Once the scene of the unedifying Twenty20 for $20m match in 2008 before running into disrepair, the refurbished ground is soon to become the home of the West Indies Cricket Board and on Tuesday evening England were visitors there once more. This time, thankfully, it was for a genteel drinks reception to toast the upcoming one-day series rather than as the playthings of a Texan billionaire.

Welcoming the tourists – among whom only their fielding coach, Paul Collingwood, played in the infamous 10-wicket defeat to the Stanford Superstars nine years ago – was the new chief executive of the WICB, Johnny Grave, who after nine years working for the Professional Cricketers’ Association in England is hoping to revive the cricketing landscape most affected by the Twenty20 revolution.

The 40-year-old is one of three fresh appointments looking to attempt this reboot, with the popular former West Indies Test batsman, Jimmy Adams, newly arrived as director of cricket after five years at Kent and the experienced Australian, Stuart Law, brought in as head coach of the senior men’s team. And for all the talk of decline in West Indies cricket, it must be remembered that talent-wise, the region remains verdant.

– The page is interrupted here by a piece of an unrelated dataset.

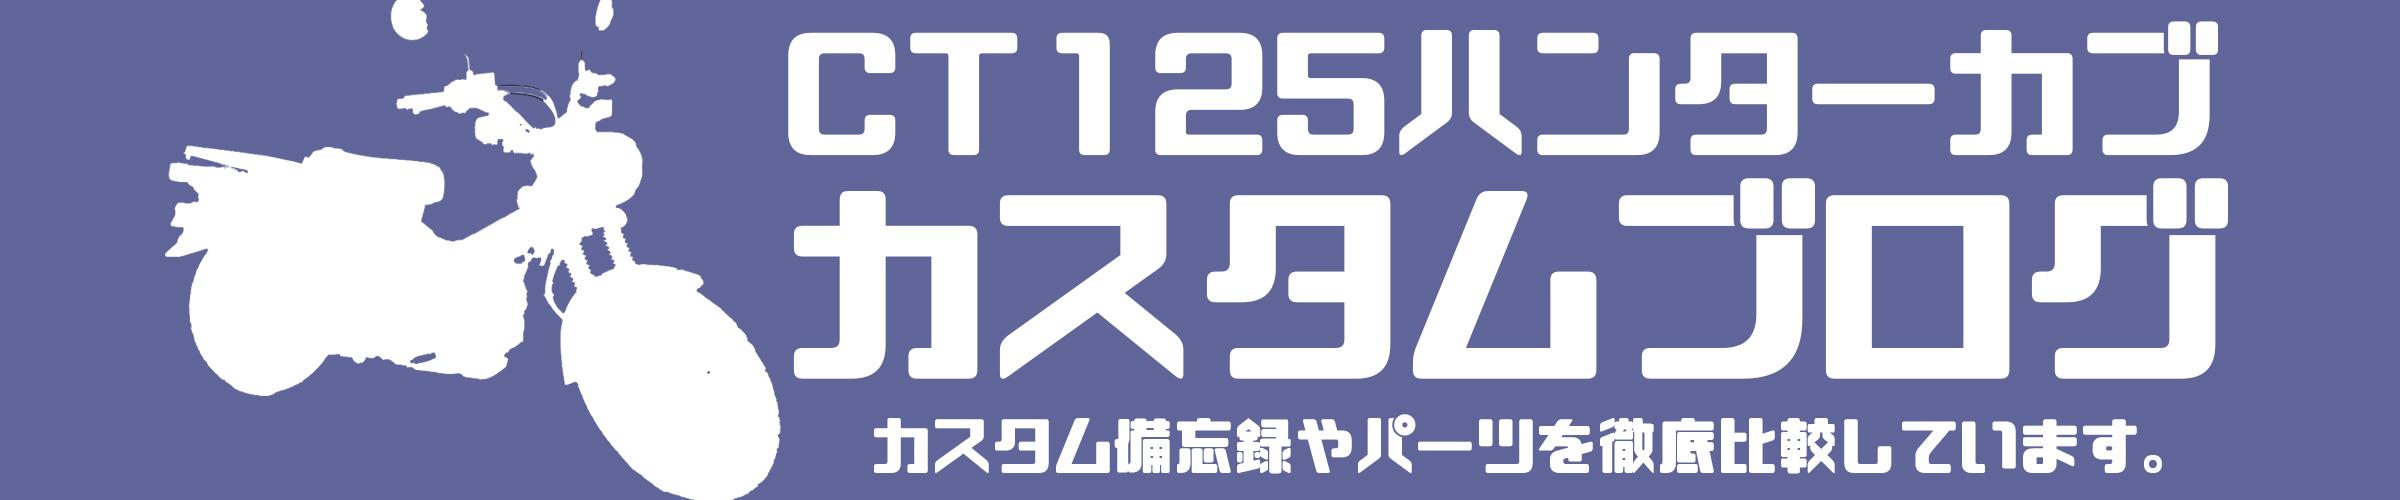 CT125ハンターカブのカスタムブログ

Both the men and women’s sides are the reigning World Twenty20 champions – the former are the only team to have won the crown twice – and a third title came in 2016 when their Under-19s sealed their 50-over World Cup. Since the introduction of the Professional Cricketers League in 2014 – a move by Adams’ predecessor, Richard Pybus – the sport is a more viable career than ever before too.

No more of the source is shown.